Half of What You Hear
Page 13
“Disrepair? Oh, come on. I don’t think I—” I turn to Cole, who, maddeningly, isn’t coming to my defense. If this is how his mother reacts to these nothing suggestions, there’s no telling how she’ll feel about some of the bigger ideas we’ve talked about, like completely revamping the menu in the restaurant and adding a Sunday brunch with live music to bring in more weekend business. I glare at him. What the hell?
“Diane, come on,” Bradley says, stepping in where my husband apparently can’t. “The kids are entitled to do what they want. That’s what we—”
“Enough!” she says, slicing her hand through the air. “Really.” She adjusts her purse in the crook of her elbow. “I really have to go now. Bradley, I’ll see you at home.”
After she’s gone, I turn back to my husband. “Cole,” I say. “We’d talked about all of this stuff. Why didn’t you say anything?”
“Oh, don’t mind her, Bess,” Bradley says. “You know how she gets. I must have forgotten to sneak her tranquilizer into her coffee this morning.” He pats my shoulder as he passes my chair.
I turn back to Cole, giving him one more chance—it is so infuriating that he still, all these years later, does not have the nerve to stand up to his mother when it comes to me.
“We just might need to take it a little slower with her, that’s all,” he says.
Ugh. Here we go. I’ve heard this “treat her with kid gloves” argument a million times before. It’s as if his mother is a wild animal we’re trying to catch, and we have to approach her very, very carefully, not looking her in the eye or making any sudden movements, to avoid getting mauled.
“I barely said anything,” I say, standing. I’ve had enough.
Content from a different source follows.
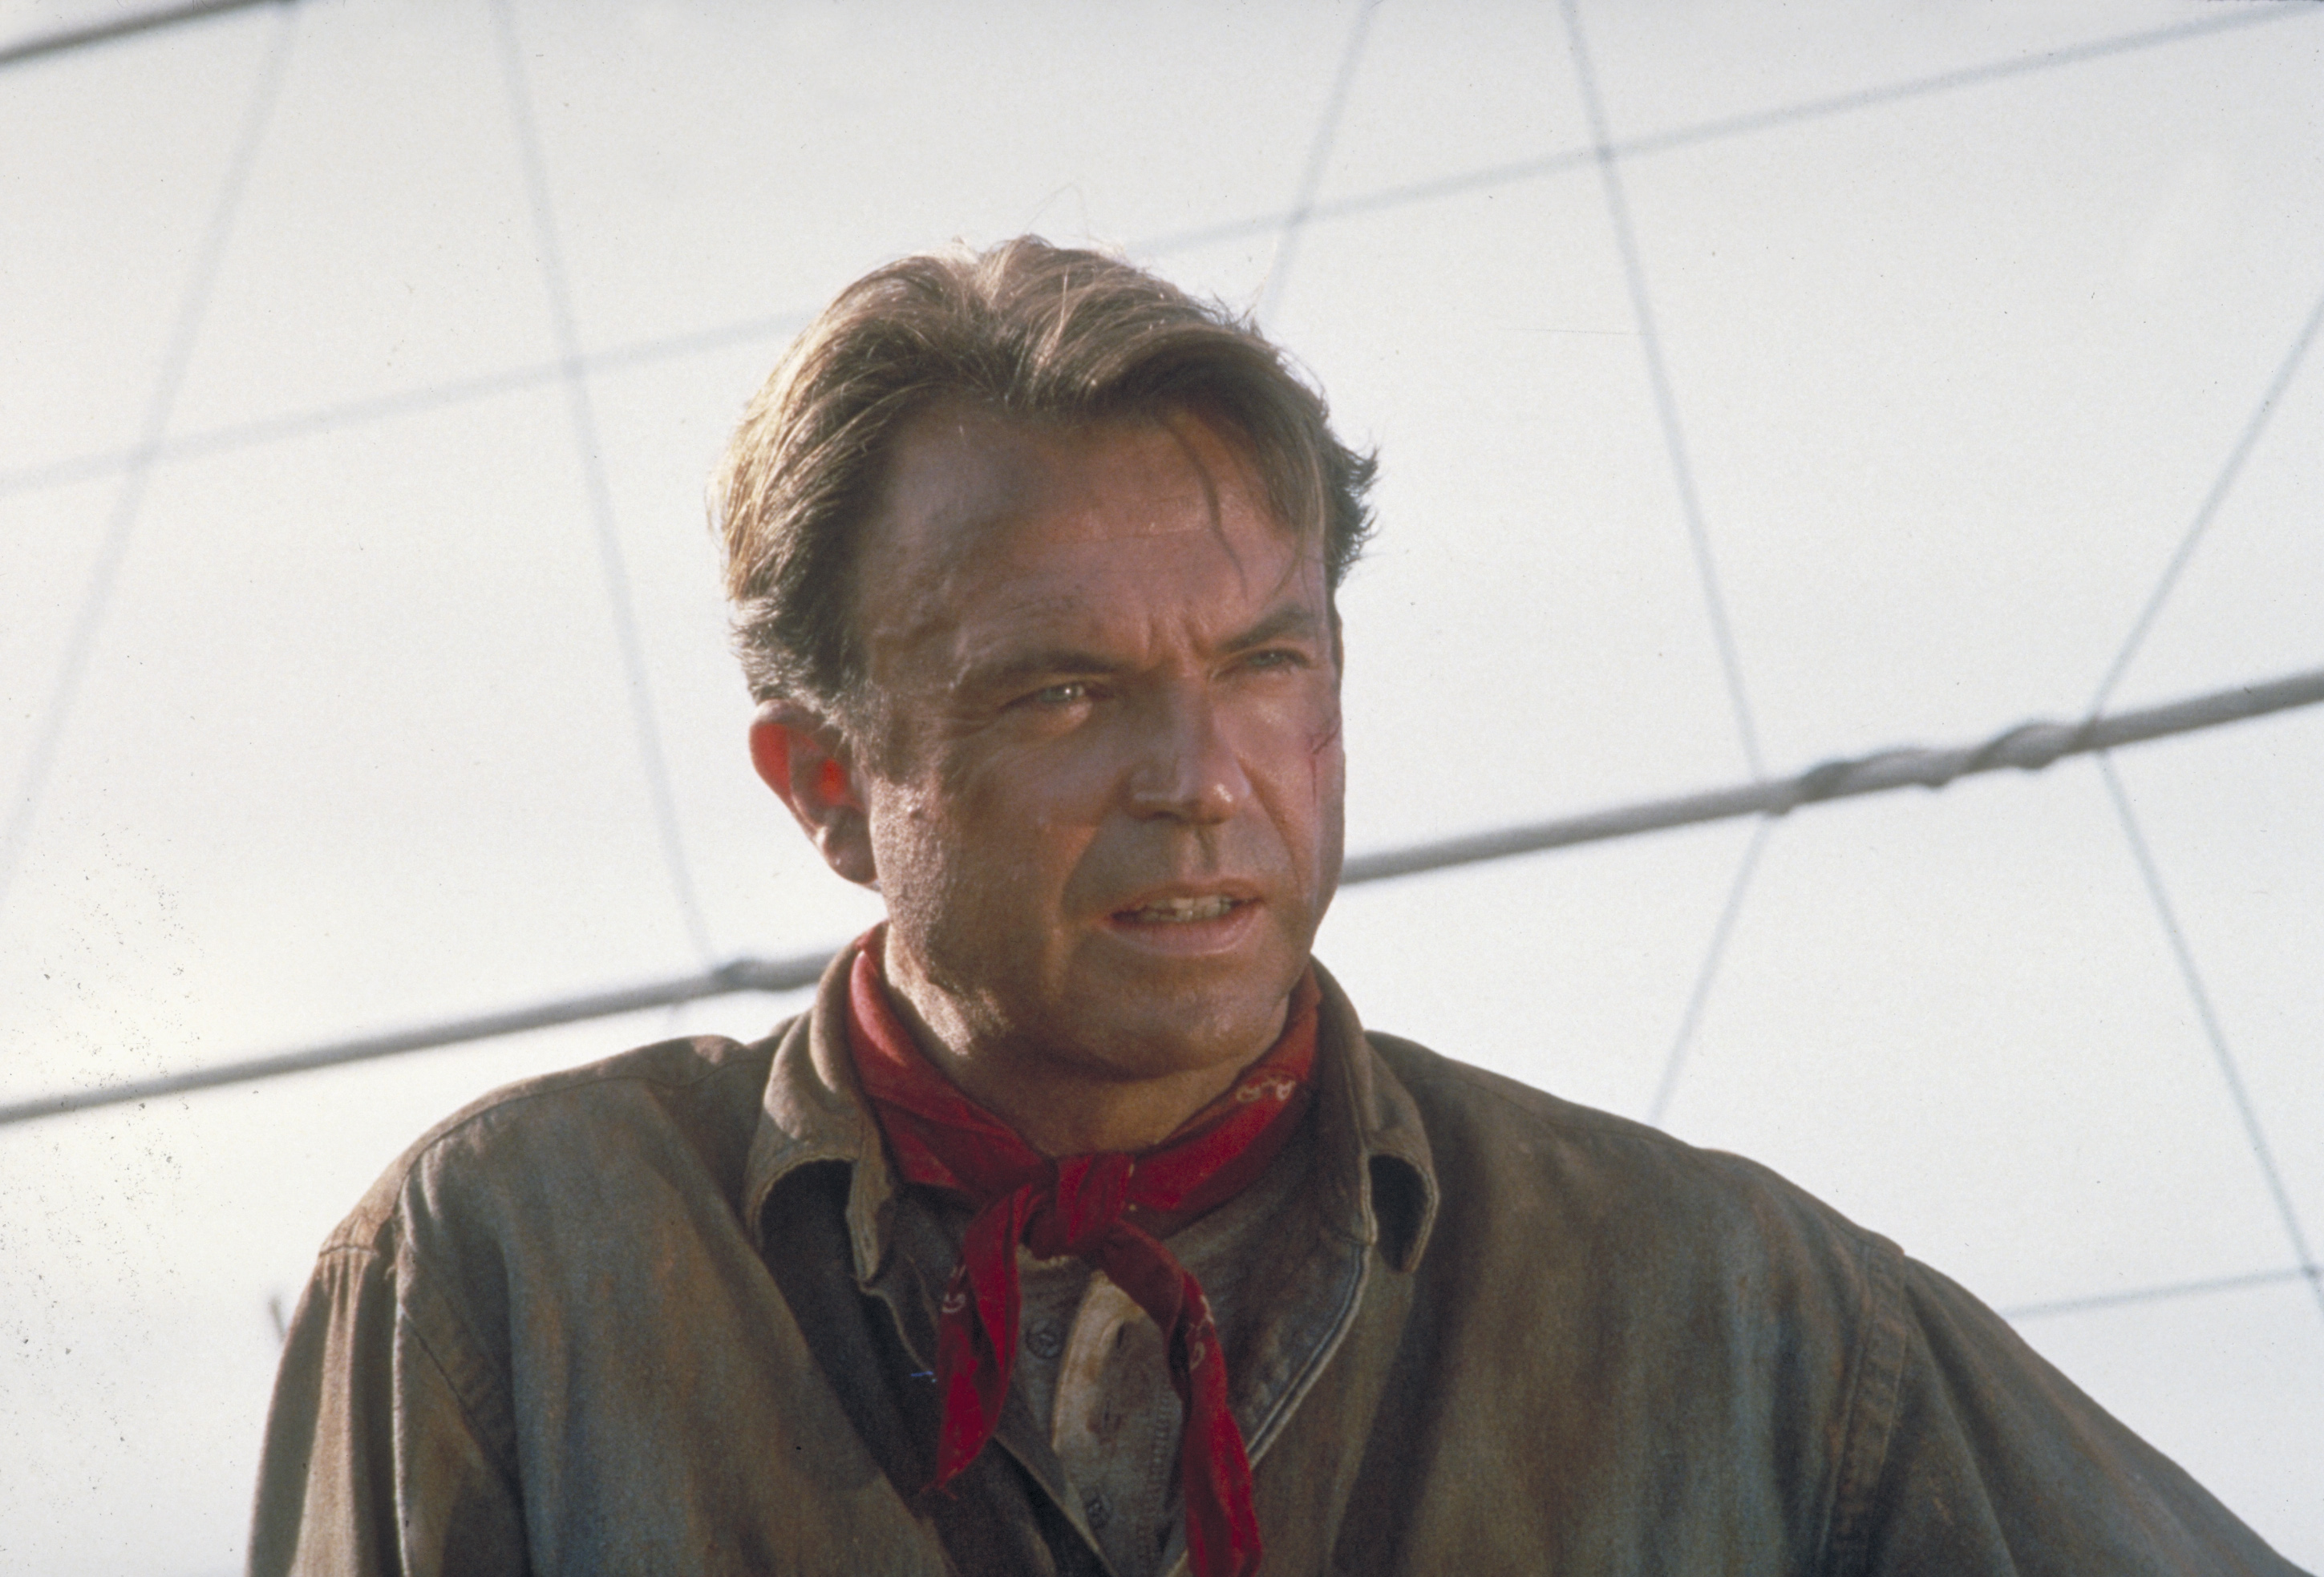 Sam Neil sur le plateau de tournage de "Jurassic Park", en 1993. | Source : Getty Images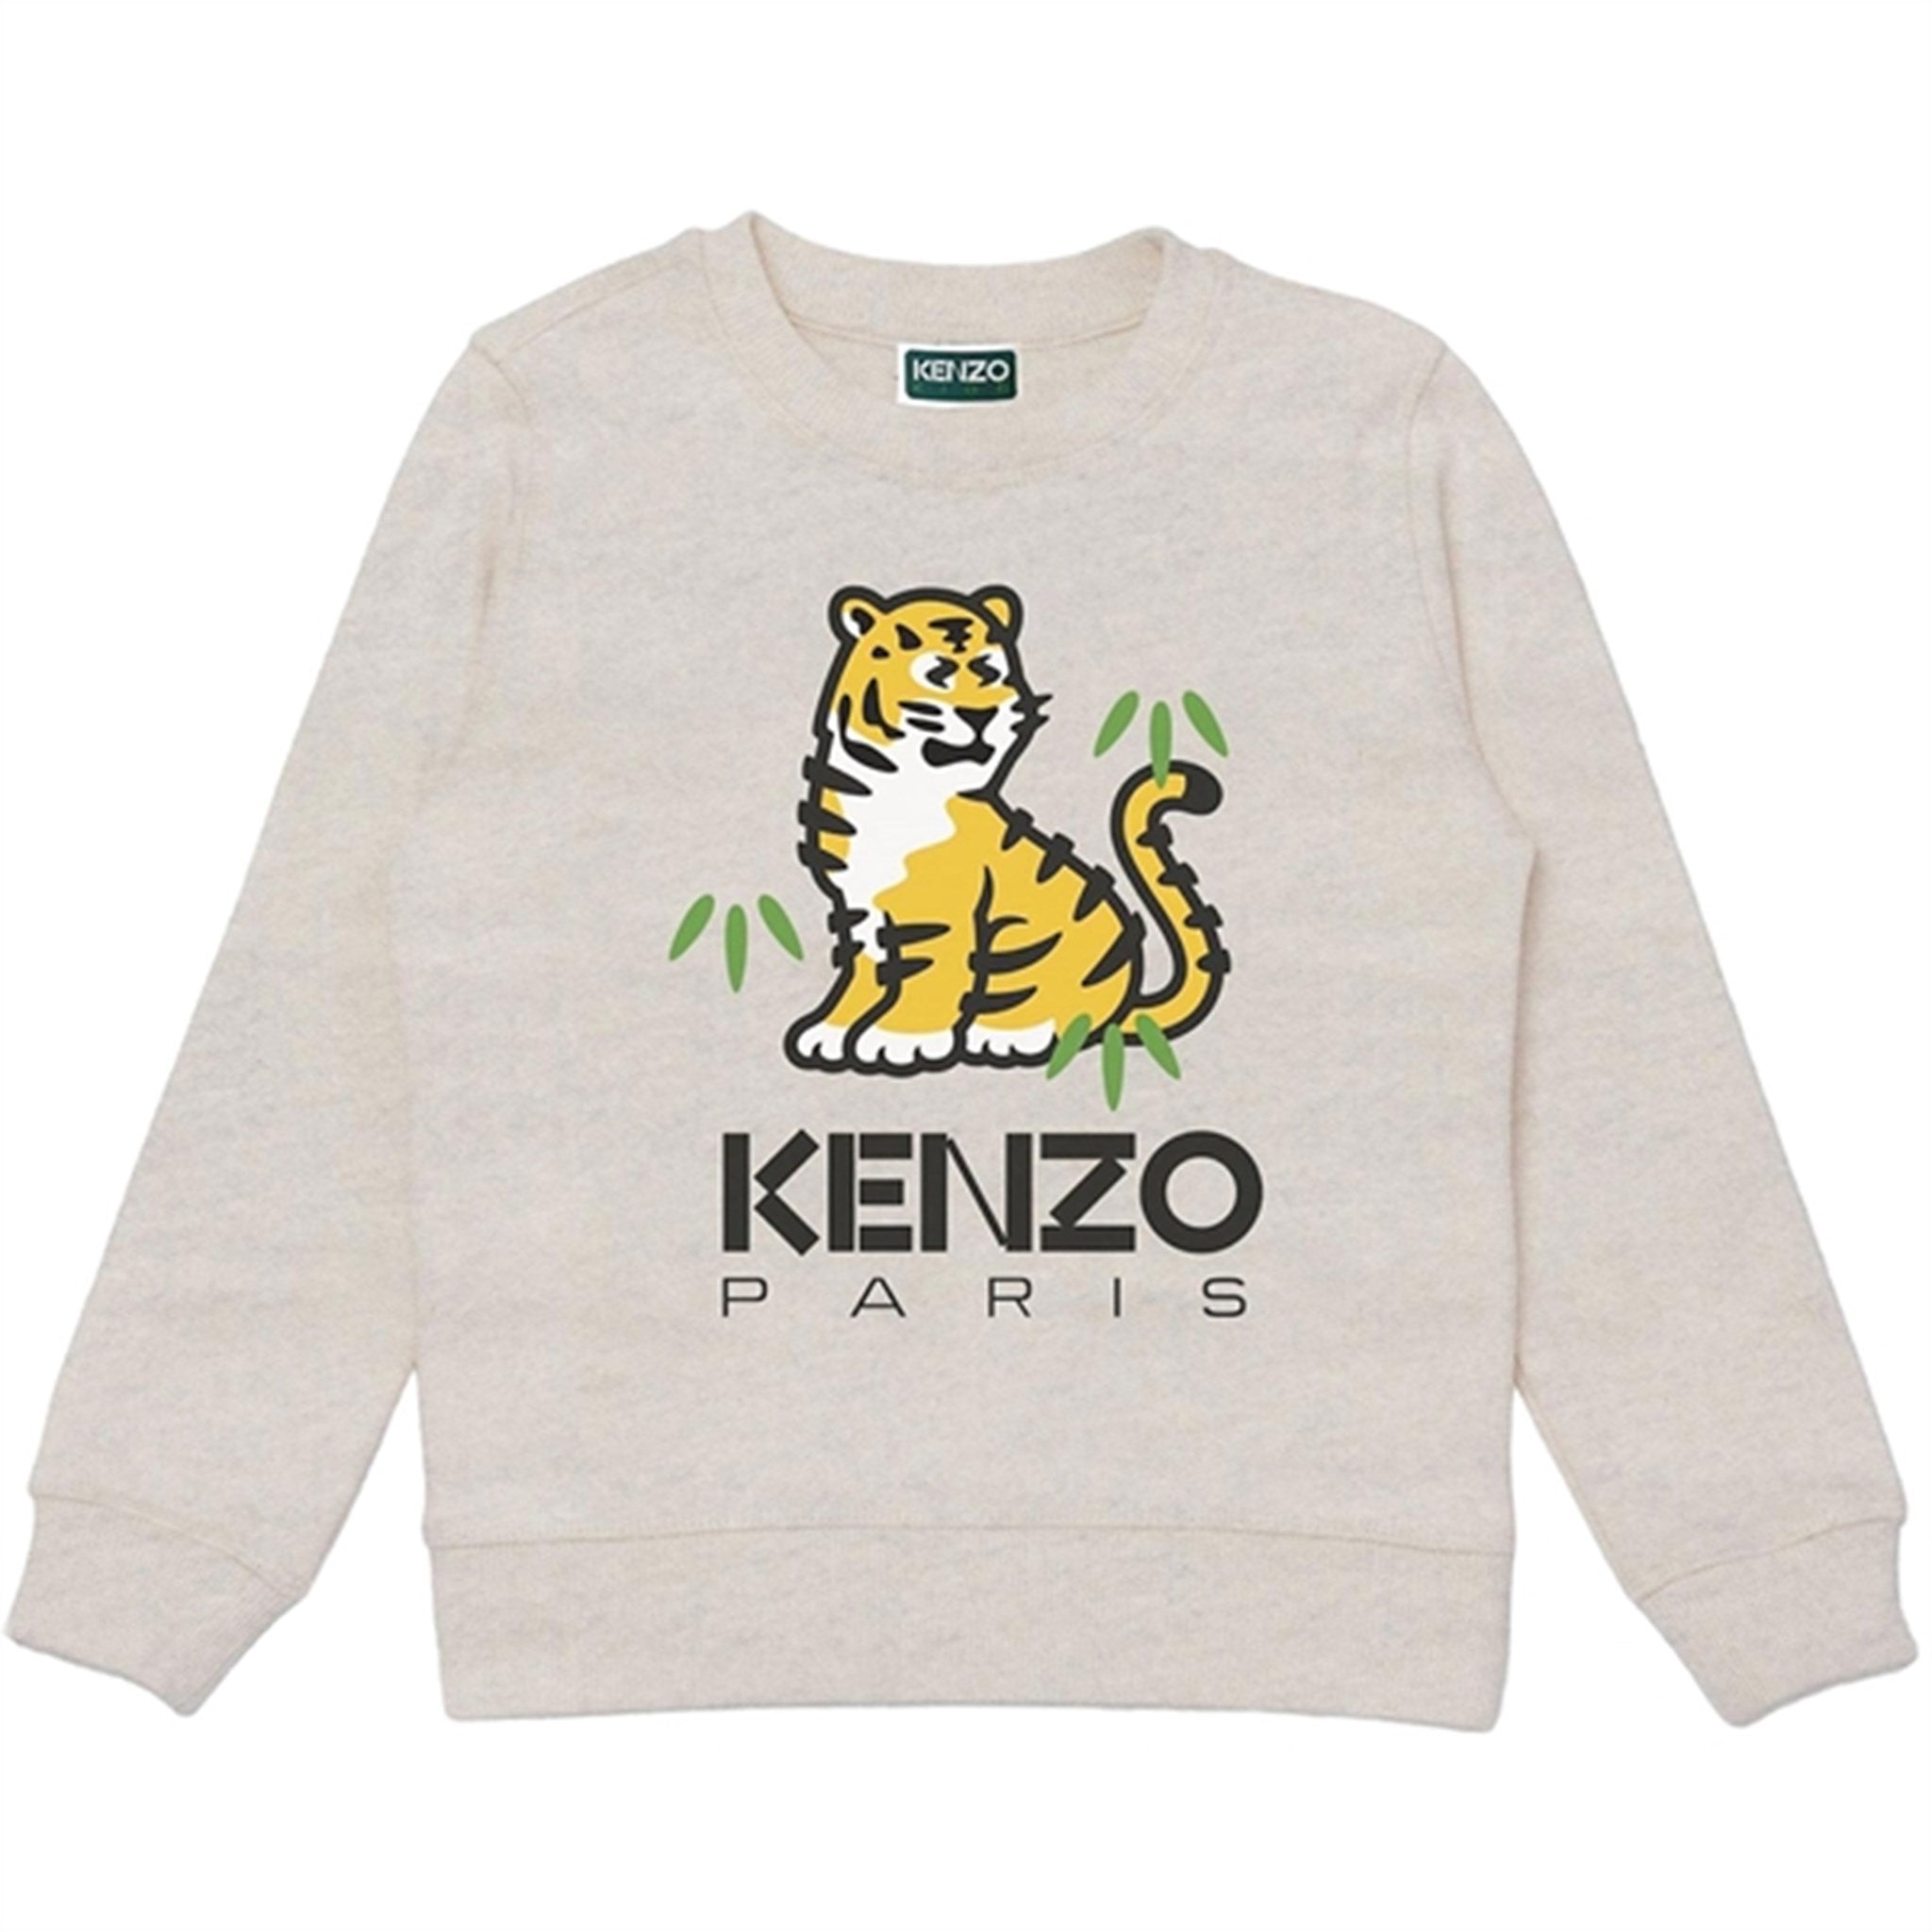 Kenzo Sweatshirt Light Grey

He shrugs. “She is who she is.”
“All right,” Bradley says impatiently, tapping the side of the doorframe with his hand. “Let’s continue this later. Bess, you wanna walk out with me?”
“Yes,” I say, looking back at my husband before I go, just to be doubly sure he knows how irritated I am. “So glad I stopped by to see you, Cole. This was lovely.”
“Bess, come on—” he starts, but I walk off before he can continue.
“So, you headed home?” Bradley says, once we’re out on the front steps. An older couple in windbreakers and thick-soled tennis shoes sit in rocking chairs to our left. Bradley waves and smiles at them, and I follow suit, thinking that I need to get used to the idea of being a hostess once I start putting in more time here. If I decide to start putting in more time here.
“I am,” I say. “I have a few more hours until the kids are done for the day.”
“Well, listen,” he says. “Just for the record, I think your ideas are great. It’s not lost on me that you have an expertise that could really be put to good use around here. If you want to, of course.”
“Oh,” I say, touched by his acknowledgment. “I appreciate that, Bradley. I really do.”
“You’d be good at it,” he says. “I’m sure of it. Diane, you know, she never wanted to be tied down to the business. She kind of made up her role as we went along, which suited both of us just fine. That’s the beauty of this thing, you can do it however you want.”
“Well, thank you, Bradley,” I say. “That means a lot to me.”
“I really mean it, Bess. Do this your way. Hell, don’t do it at all if you don’t want to!” he says. “But don’t let Diane bother you. She’s just never been good with change.”
“Right,” I say, thinking that that may be true, but I think the problem is more that she’s never been good with me.
“Well, I’m off—” he starts.
“Wait!” I say, encouraged by our little heart-to-heart just now. “Can I talk to you about something?”
“Depends,” he jokes.
“Another topic,” I say. “Not about the inn . . .” I pause and swallow, suddenly nervous. “Somebody told me something . . . about Susannah . . . I’d never heard it before.”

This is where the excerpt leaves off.